The fourth element of the offense requires proof that defendant’s reckless act or reckless failure to act caused serious physical harm. As previously noted, “serious physical harm” is defined as “physical injury that threatens the life of a vulnerable adult, that causes substantial bodily disfigurement, or that seriously impairs the functioning or well-being of the vulnerable adult.” The prosecution’s theory was that the “threat of death” and “pain” constitute physical injuries.
Because the Legislature did not define the phrase “physical injury,” this Court must give those words their common, ordinary meanings. People v Fields, 448 Mich 58, 67; 528 NW2d 176 (1995). In ascertaining the meaning of words, this Court may refer to dictionaries for guidance. People v Wilson, 230 Mich App 590, 592; 585 NW2d 24 (1998). Random House Webster’s College Dictionary (1997), pp 672 & 983, defines the term “physical” as “of or pertaining to the body” and the term “injury” as “harm or damage done or sustained.” Clearly, the mere threat of death does not constitute a physical injury.
“Pain” is defined as “physical suffering typically from an injury or illness.” Random House Webster’s *570College Dictionary (1997), p 972. No published Michigan decision has addressed, in the context of the vulnerable adult abuse statute, whether evidence of pain is sufficient to satisfy the “physical injury” element. However, in the context of a claim for negligent infliction of emotional distress, which requires a plaintiff to establish that the emotional distress manifested itself in definite and objective physical injury, it has been held that a general claim of pain and suffering will not suffice. Parnell v Booth Newspapers, Inc, 572 F Supp 909, 917 (WD Mich, 1983). See also Stites v Sundstrand Heat Transfer, Inc, 660 F Supp 1516, 1526-1527 (WD Mich, 1987). In light oí Parnell, and given that pain is merely a “symptom” of an injury or illness, we conclude that pain alone does not constitute a “physical injury.”4
Although hypothetical testimony was presented regarding medical complications that could result from a fall similar to the one in the present case, absolutely no evidence was presented that the victim suffered a physical injury as the result of the delay in medical treatment. Orthopedic surgeon John Morgan, who saw the victim on July 13, 1995, was unable to say with any reasonable degree of medical certainty that the victim sustained any physical injury apart from the initial fall. Dr. Segan, who had never examined the victim, testified that he could not say with certainty that the movement of the victim had aggravated her physical injury. The prosecution did not present any evidence to contradict this medical testimony. In the absence of any evidence that *571defendant’s failure to summon immediate medical attention caused a physical injury to the victim, we conclude that the evidence is insufficient to support defendant’s conviction.

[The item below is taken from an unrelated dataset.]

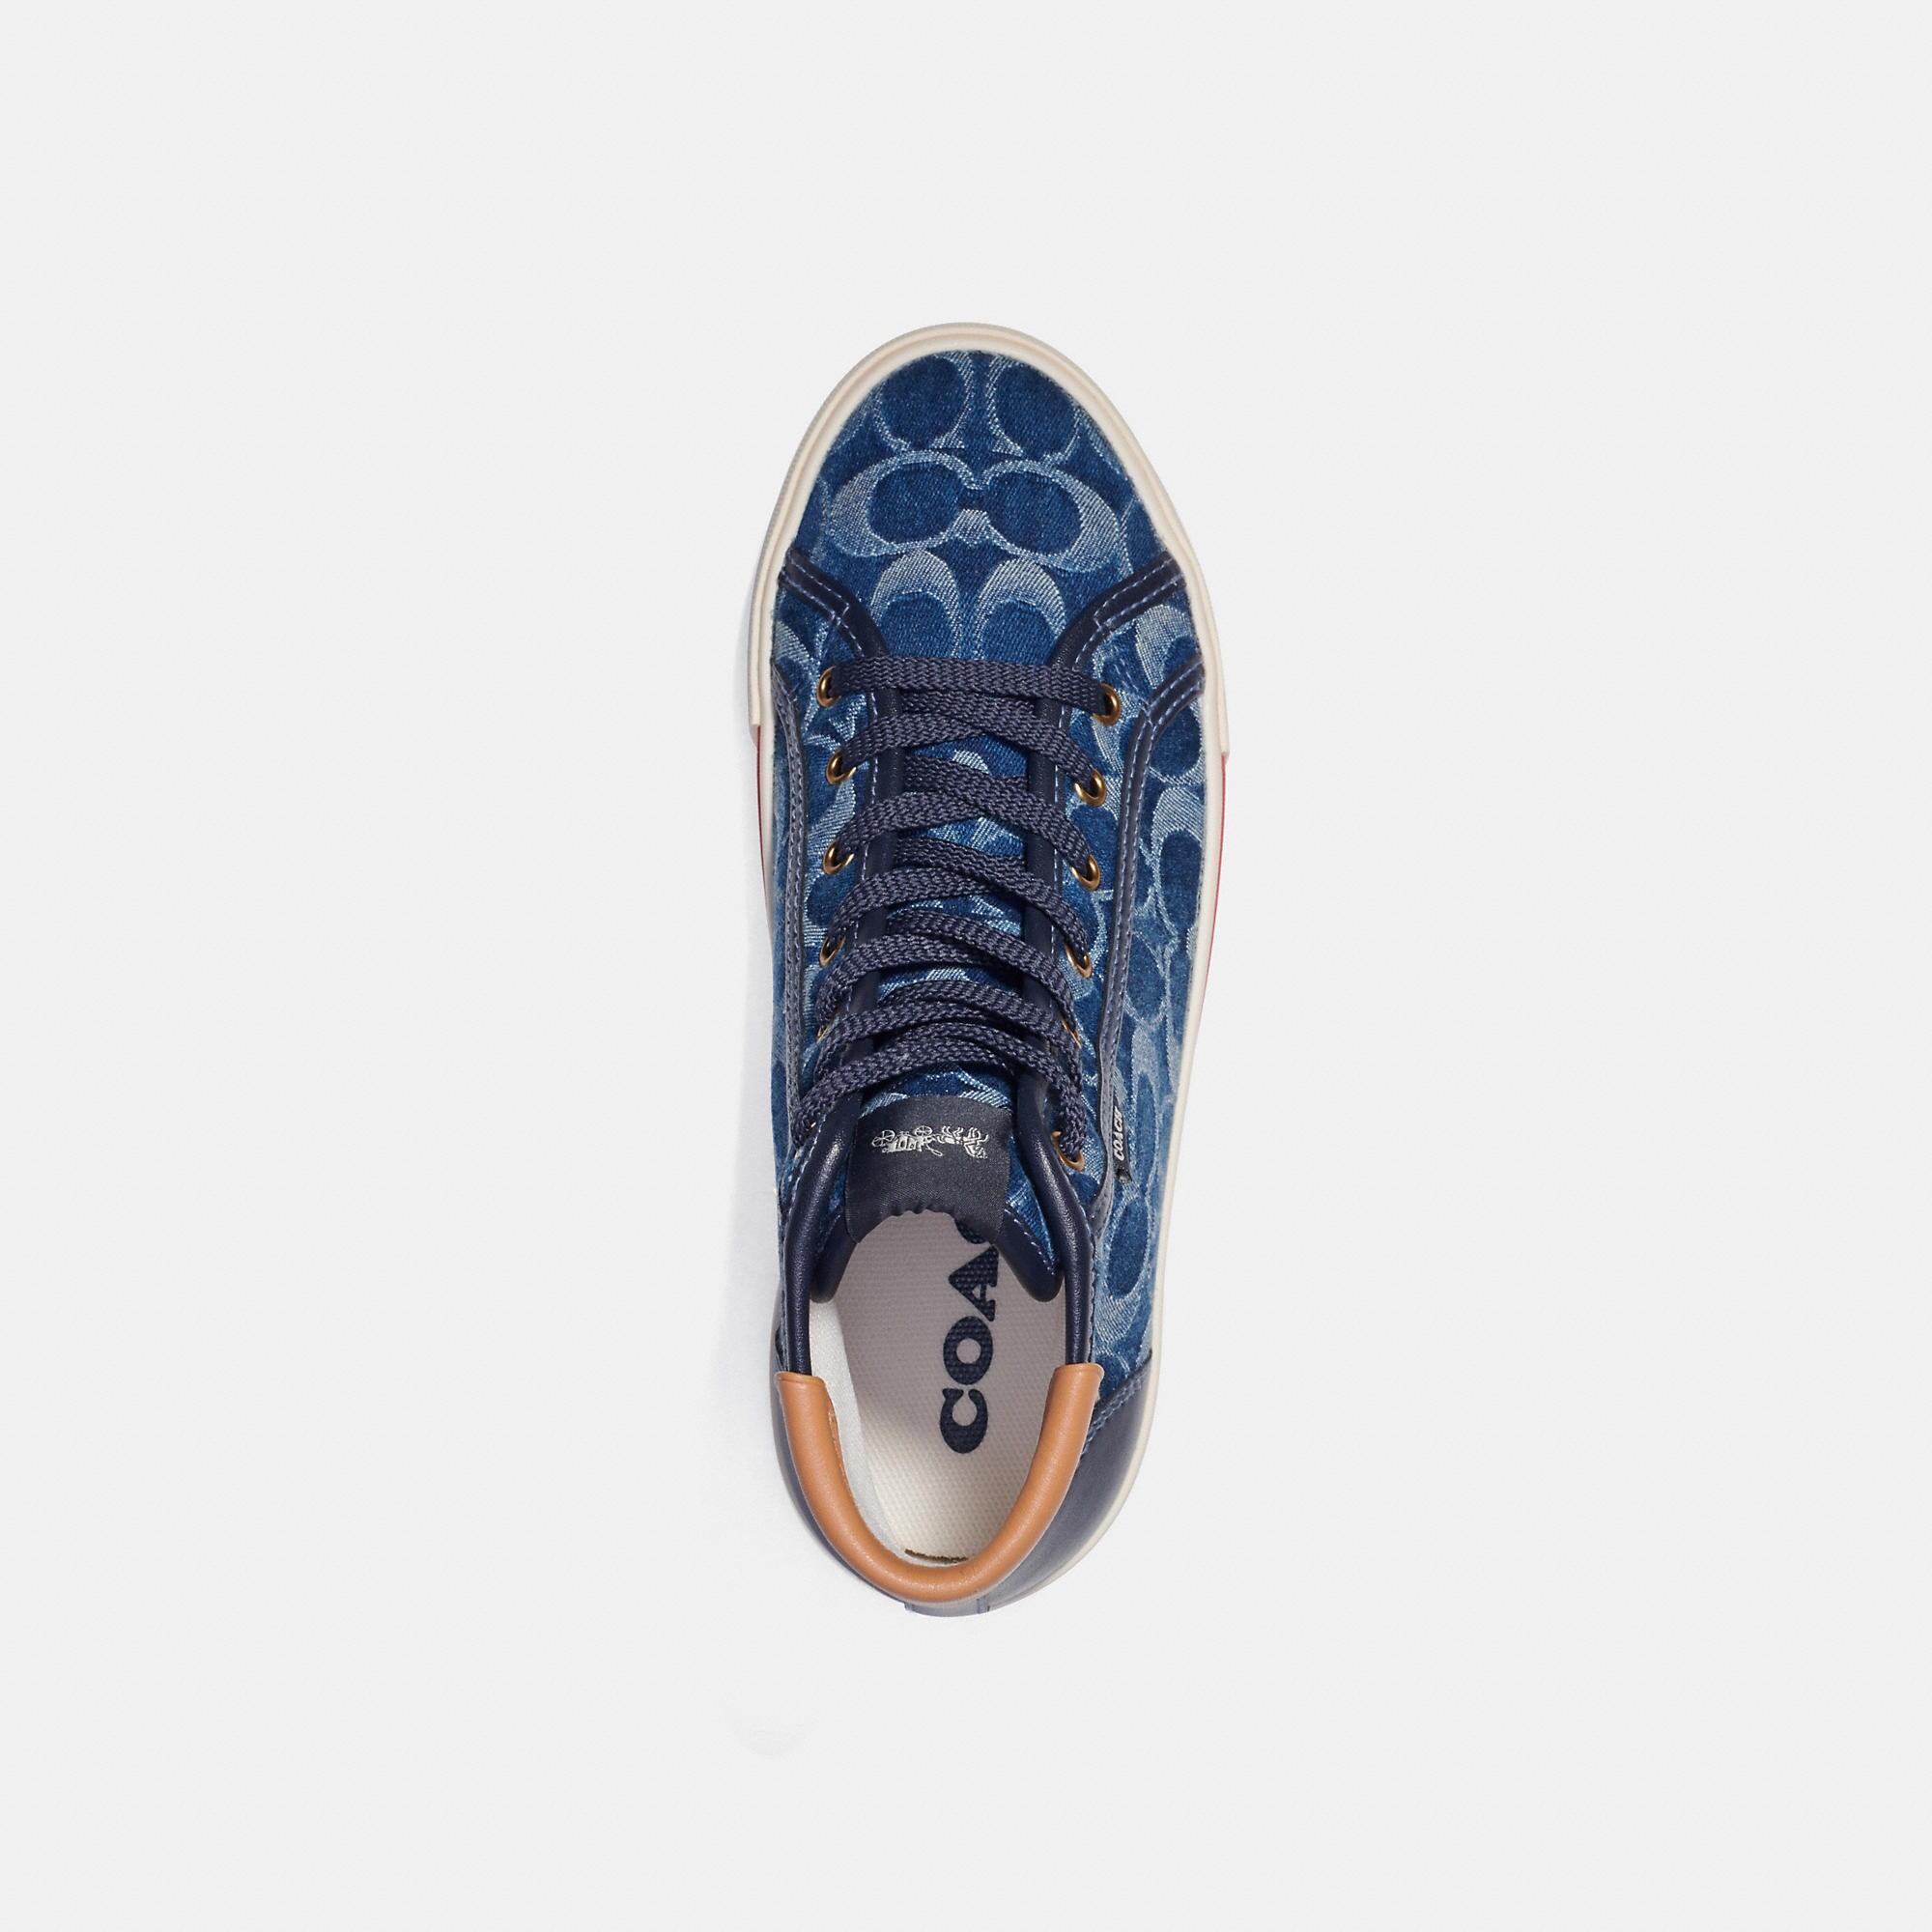 Blue denim trainers with white flatform sole
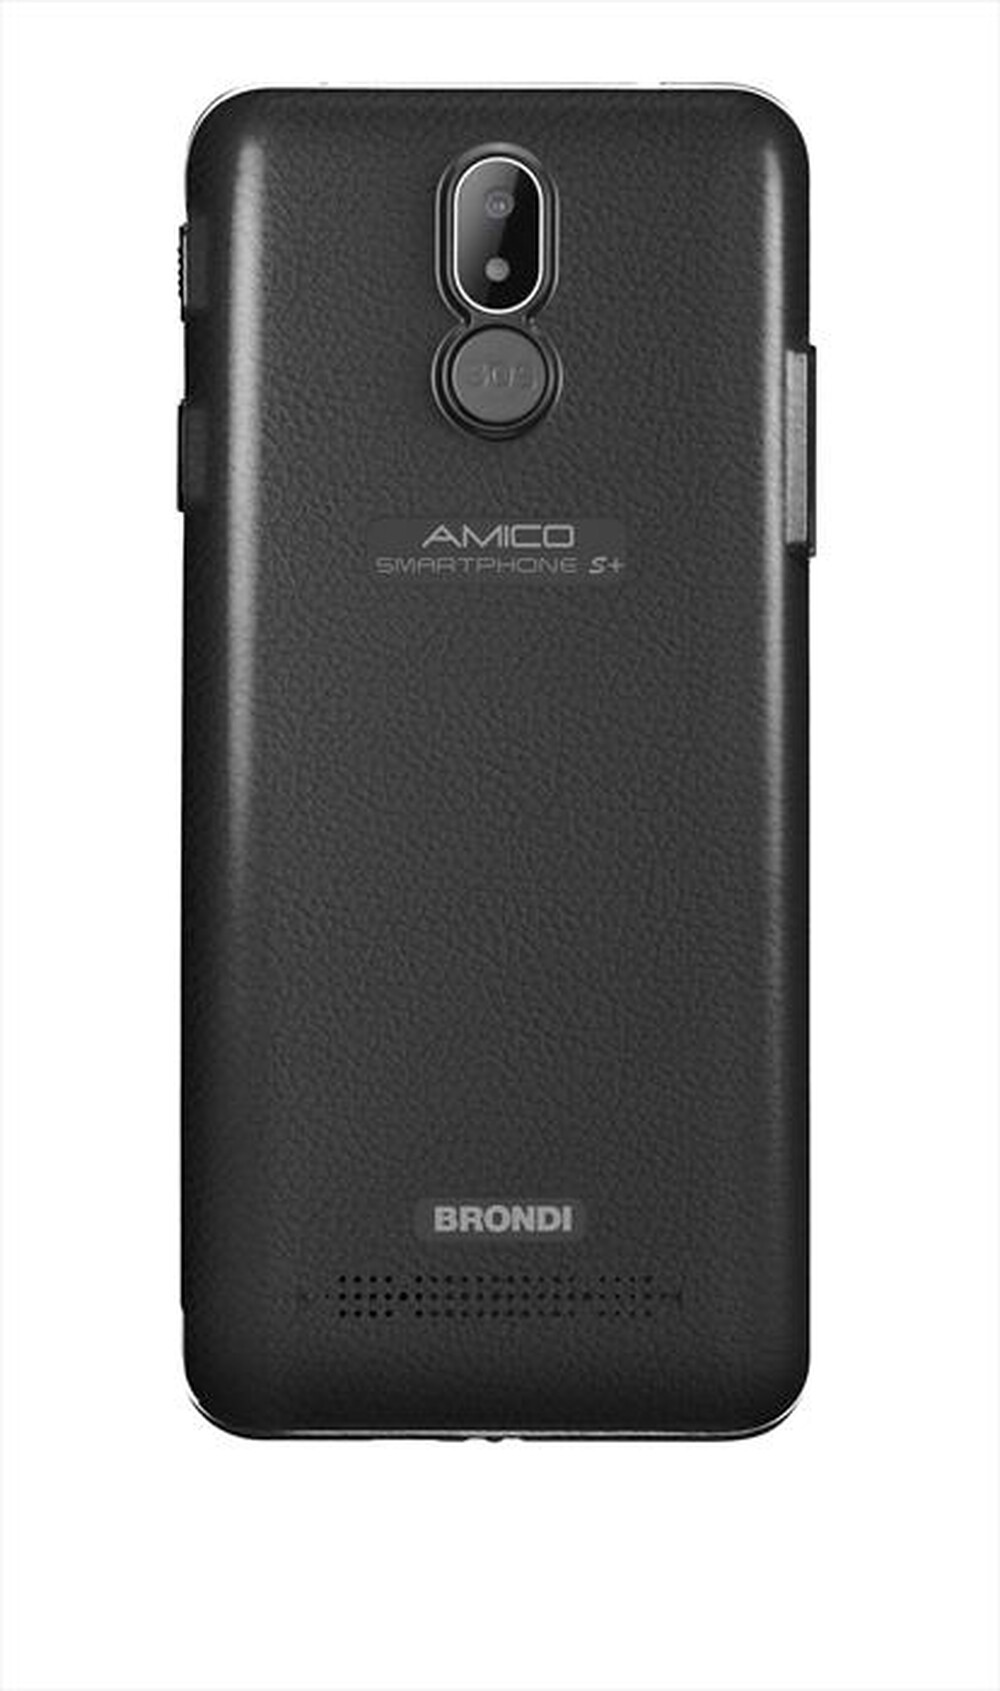 "BRONDI - Bar phone AMICO SMARTPHONE S+-NERO"

In light of our disposition of this issue, we need not address defendant’s claim of instructional error.
Reversed.
Doctoroff, J., concurred.Defendant was released on bond pending appeal.
The victim fell from a height of approximately twelve to fourteen feet.
The prosecution does not contend on appeal that defendant’s allegedly reckless act or reckless failure to act caused serious mental harm.
Indeed, a medical expert testified that pain is generally a symptom of a physical injury rather than a physical injury itself.